The U.S. Army is beginning to see more widespread effects from PTSD (post-traumatic stress disorder) in Afghanistan. A growing proportion of NCOs and officers are doing their third or fourth combat tours (in Iraq or Afghanistan). Thus a PTSD epidemic has been created by the unprecedented exposure of so many troops, to so much combat, in so short a time. Once a soldier has PTSD, they are no longer fit for combat, and many troops headed for Afghanistan are falling into this category. PTSD makes it difficult for people to function, or get along with others. With treatment (medication, and therapy), you can recover from PTSD. But this can take months or years.
Nearly a century of energetic effort to diagnose and treat PTSD (including much recent attention to civilian victims, via accidents or criminal assault), had made it clear that most troops eventually got PTSD if they were in combat long enough. During World War II, it was found that, on average, 200 days of combat would bring on a case of PTSD for American troops. After World War II, methods were found to delay the onset of PTSD (more breaks from combat, better living conditions in the combat zone, prompt treatment when PTSD was detected). That's why combat troops in Iraq and Afghanistan often sleep in air conditioned quarters, have Internet access, lots of amenities, and a two week vacation (anywhere) in the middle of their combat tour. This has extended their useful time in combat, before PTSD sets in. No one is yet sure what the new combat says average is, and new screening methods are an attempt to find out. But more troops appear to be hitting, or approaching, the limits.

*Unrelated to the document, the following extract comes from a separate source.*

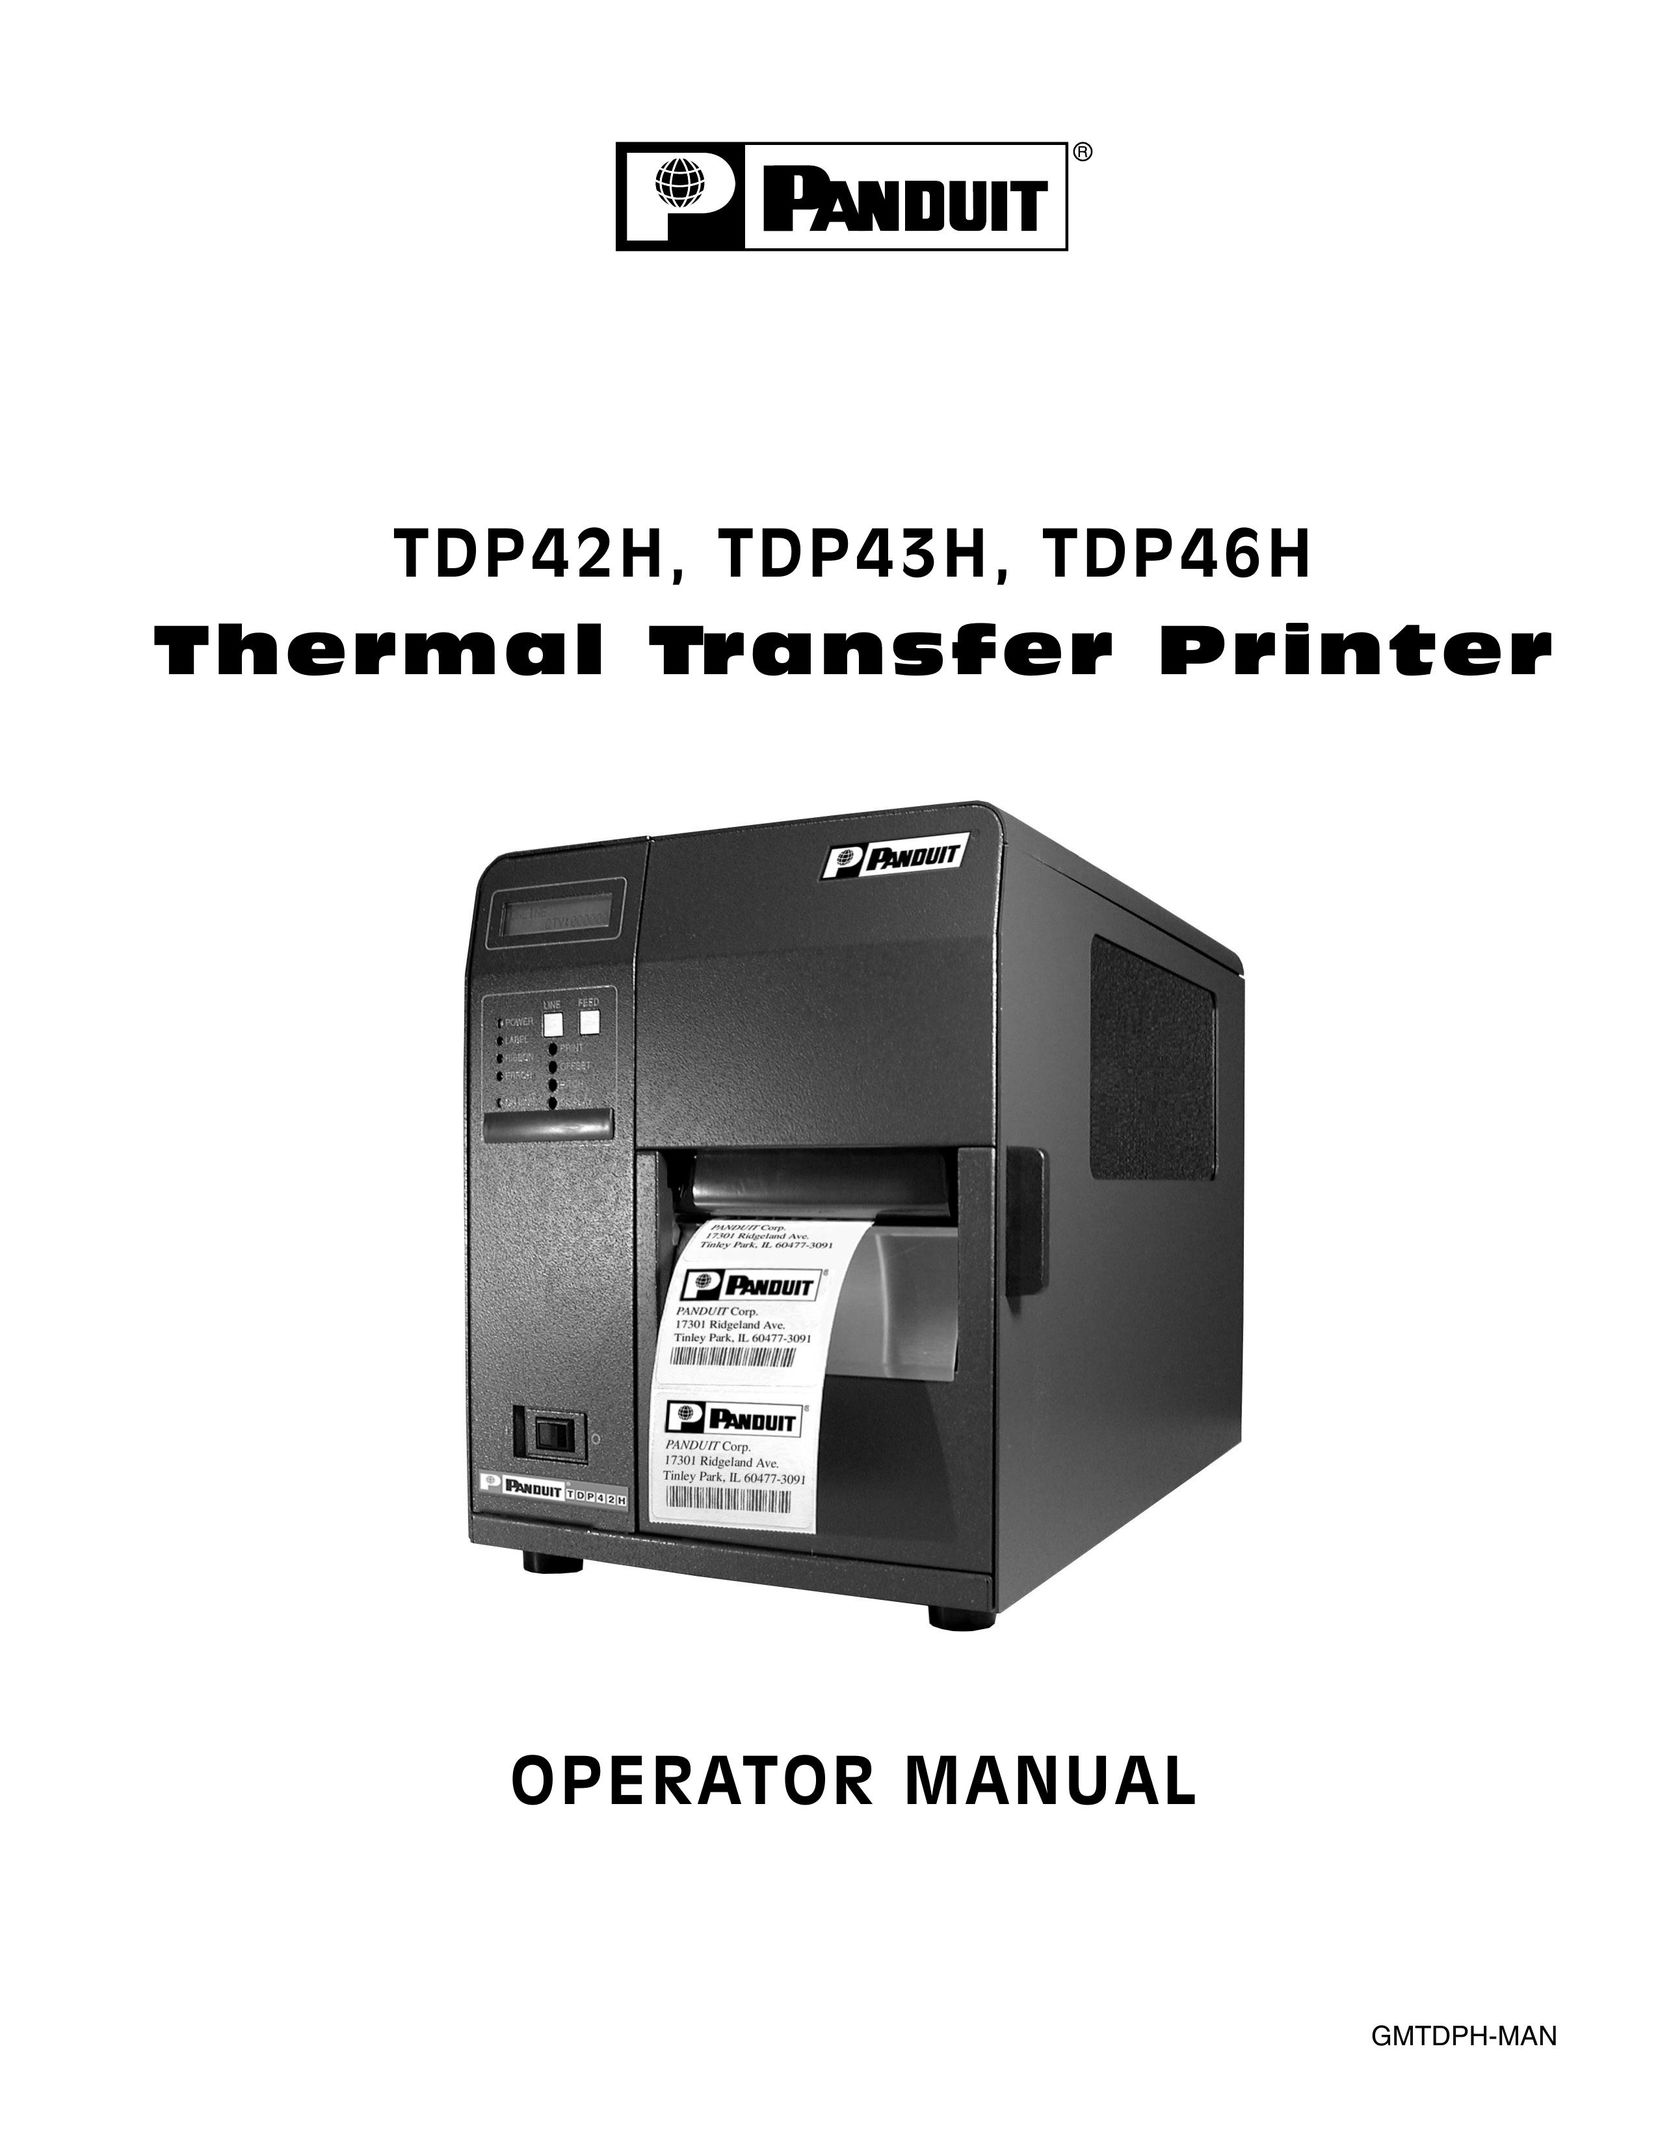 Panduit TDP46H Printer User Manual

What the army does know is that a large percentage of its combat troops have over 200 days of combat. Some have three or four times that. A major reason for army generals talking about the army "needing a break" (from combat) is the growing loss of many combat experienced troops and leaders (especially NCOs) to PTSD. The army won't give out exact figures, partly because they don't have much in the way of exact figures. But over the next decade, the army will get a clearer picture of how well they have coped with PTSD, among troops who have, individually, seen far more combat than their predecessors in Vietnam, Korea or World War II.
The latest policy, to deal with PTSD, is a program that mandates a mental health evaluation for everyone in the army. Those who have not been in combat will serve as a baseline for comparing to those who have. Moreover, the army wants to find out to what extent non-combat operations (training can often be quite intense) can add to the stress that could eventually lead to PTSD. The basic idea here is to "mainstream" PTSD, trying to convince all the troops that PTSD is just another occupational hazard, not something you should try and hide, and hide from. You can't, and increasingly, the army won't let you.

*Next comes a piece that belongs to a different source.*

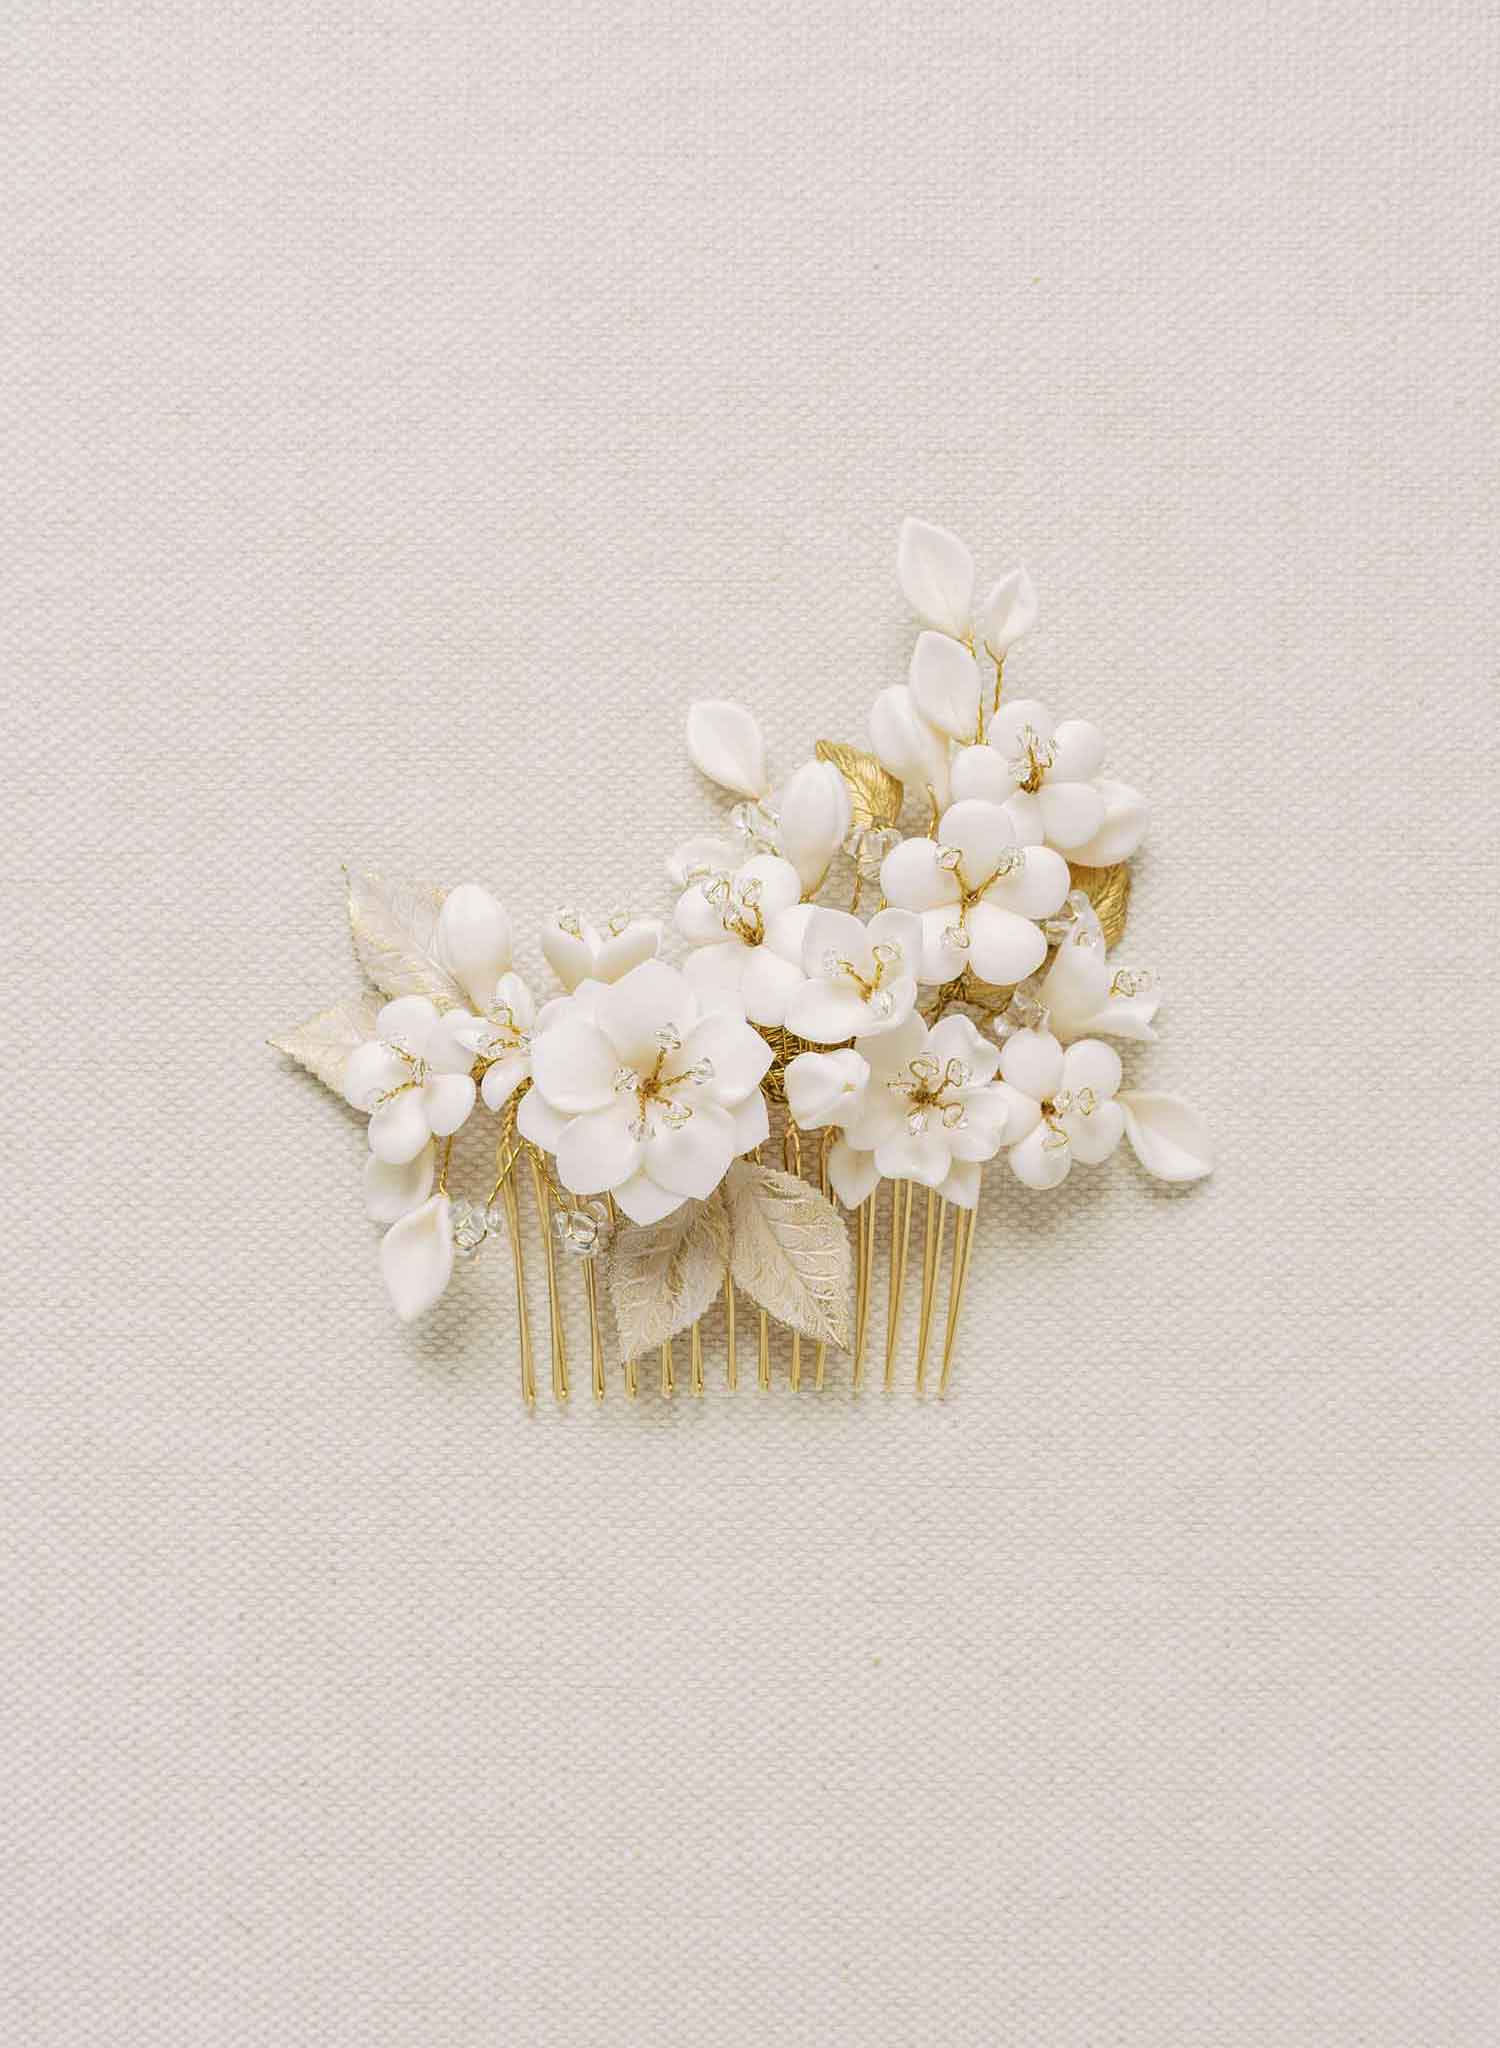 Creamy blossom bridal hair comb - Style #2163

The army also detects, and treats, many PTSD sufferers by performing screening during the delivery of routine medical care, including annual checkups. Doctors are given a script that uses some simple and non-threatening questions to discover if the soldier might have PTSD. If further questioning reveals there may be some PTSD, the soldier is offered treatment as part of regular medical care, not a special PTSD program. It was those programs that put off many troops.
While most troops now accept that PTSD is not a sign of mental weakness, but a very real combat hazard, many still avoid special PTSD treatment programs. By making PTSD treatment (which is usually just monitoring, and the use of some anti-stress medication for a while), part of regular medical care, much of the stigma disappears.
The army has, over the years, developed a set of guidelines for how to recognize the symptoms of combat fatigue (or PTSD). With all the attention PTSD has gotten in the media of late, troops are more willing to seek treatment, or at least admit there is a problem. While extreme cases of PTSD are pretty obvious, it's the more subtle ones that army wants to catch now. These are easier to cure if caught early.
The army find itself facing some new sources of PTSD. For example, there was the discovery that many troops, because of exposure to roadside bombs, and battlefield explosions in general, had developed minor concussions that, like sports injuries, could turn into long term medical problems. Often these concussions were accompanied by some PTSD.
The army is dealing with PTSD head on, believing that a lot of troops have experienced a lot of combat stress. Experience so far has shown that PTSD can be delayed, perhaps for a long time. When a soldier does come down with it, PTSD can often be treated, and its effects reversed. This has large ramifications for non-military medicine, for many civilians suffer from PTSD. That's because military recruits are screened for their ability to handle stress and resist PTSD. In the civilian community, there are far more people who can acquire PTSD after exposure to much less stress.